Waarom was dat nodig? Omdat in hém vervuld moest worden wat alleen Jezus deed,
namelijk afdalen uit de hemel en er weer naar opvaren.
Bovendien verwacht de Islam haar eigen Messias, de Mahdi, en zeer belangwekkend
is het om te zien hoe YHWH God zijn profeet Jesaja in
Jesaja, hoofdstuk 14, de ambities van die
islamitische Messias bij voorbaat liet vastleggen:
12 Hoe bent u
uit de hemel gevallen, morgenster, zoon van de dageraad!
U ligt geveld op de aarde, overwinnaar over de Heidenvolken!
13 En
ú zei in uw hart: Ik zal opstijgen naar de hemel;
tot boven Gods sterren zal ik mijn troon verheffen,
ik zal zetelen op de berg van de ontmoeting aan de noordzijde.
14 Ik
zal opstijgen boven de wolkenhoogten, ik zal mij gelijkstellen met de
Allerhoogste.
15
Echter, u bent in het rijk van de dood neergestort, in het diepst van de kuil!
16
Wie u zien, kijken u aan en letten op u:
Is dit nu die man die de aarde deed sidderen, die koninkrijken deed beven,
17
die van de wereld een woestijn maakte, haar steden met de grond gelijkmaakte,
zijn gevangenen niet losliet om naar huis te gaan?
(HSV)
Merk op: Ik zal opstijgen naar de hemel…, ik zal zetelen…, ik zal
opstijgen…, ik zal mij gelijkstellen aan de
Allerhoogste. Maar ook: Is dit die man die de aarde deed sidderen, die koninkrijken
deed beven…?
Er wordt daarom gedoeld op de Antichrist en zijn heftige, maar
korte ruïneuze heerschappij die hij als de voorzegde Achtste wereldheerser
('koning') zal uitoefenen (Openbaring
17).
Teneinde grondig bekend te raken
met de ware intenties van de Islam, verwijzen we naar dit
artikel van 1-12-2015 van de hand van een
arabist /islamoloog.
Interessant, maar bovenal
onheilspellend naar de toekomst toe, is het artikel dat Jan van Barneveld onlangs publiceerde: Met de
EU naar Mekka
Ezechiël 38 en 39
De komst van de Mahdi behoort dus
tot het geloof van zowel Soennitische als Shi'itische
moslims, maar hun Mahdi vertoont de trekken van de Bijbelse Antimessias,
de opponent van de ware (Joodse) Messias Jezus.
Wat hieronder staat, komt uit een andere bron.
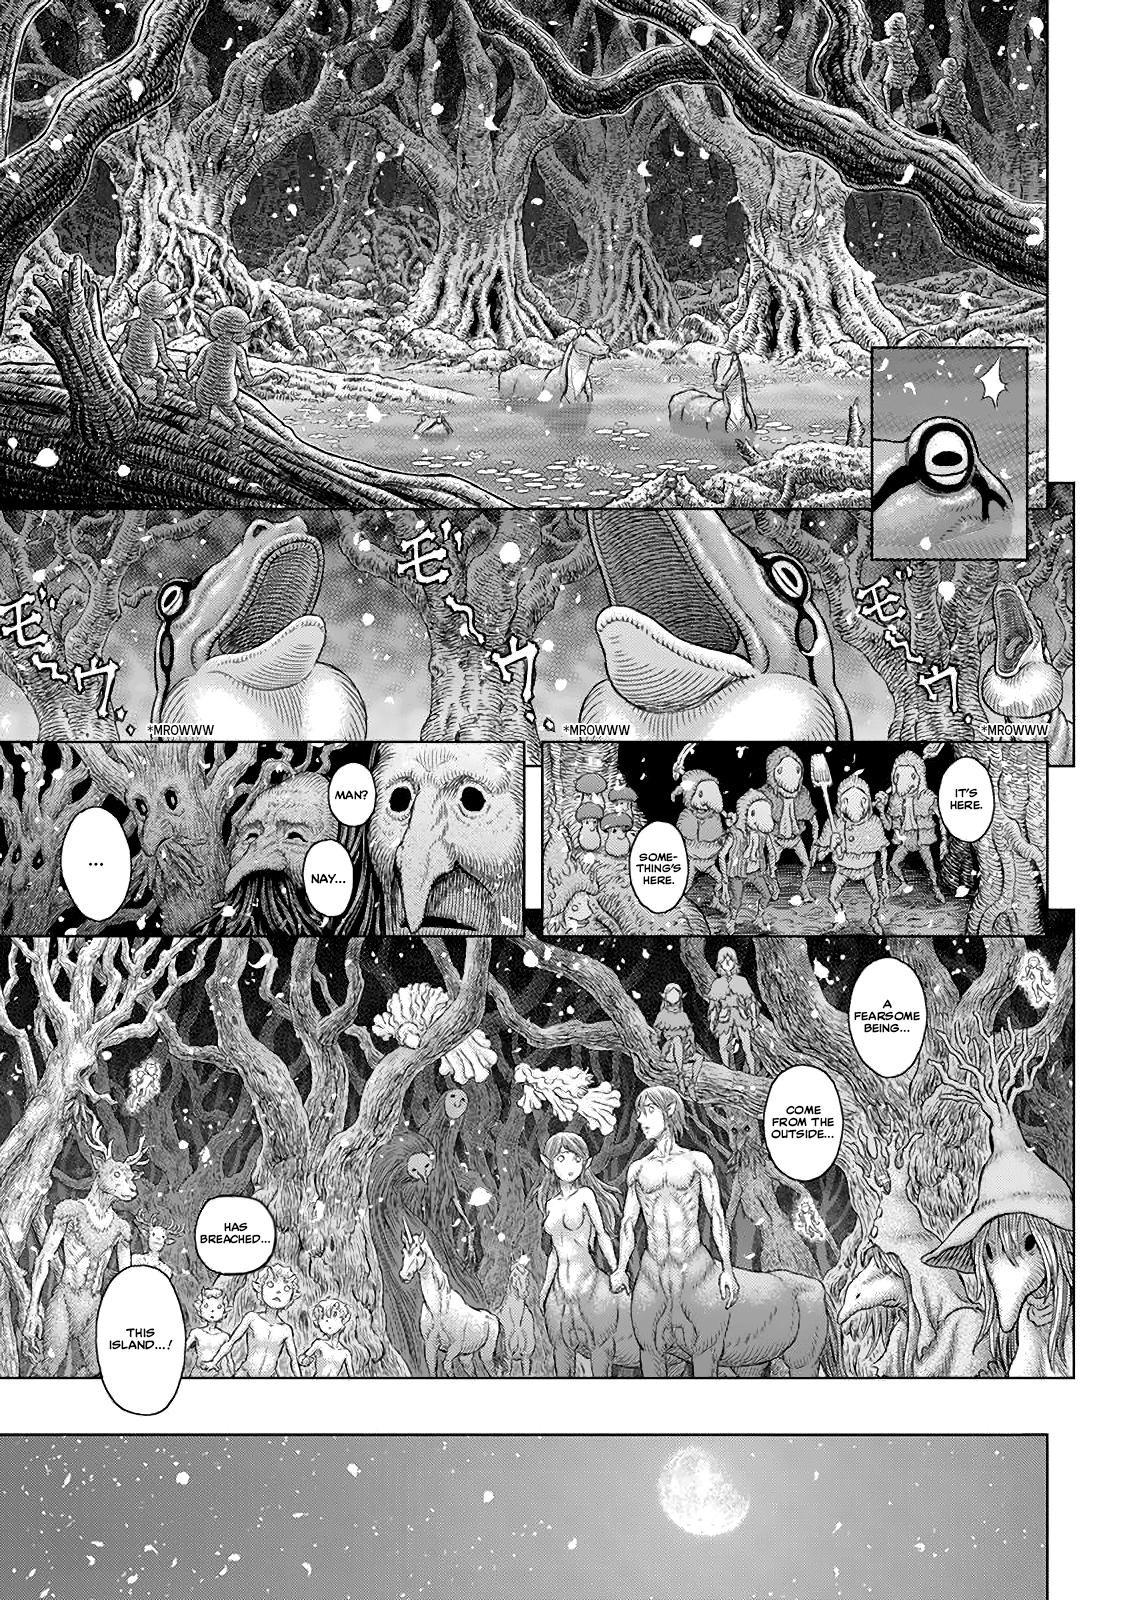 Berserk Manga Chapter 365 image 04

In dat verband worden wij in
het Bijbelboek Ezechiël, de hoofdstukken 38 en 39, profetisch geïnformeerd omtrent een laatste boosaardige aanval welke die
Pseudomessias, onder de mysterieuze benaming van Gog,
in de Eindtijd zal uitvoeren op Gods uitverkoren volk Israël.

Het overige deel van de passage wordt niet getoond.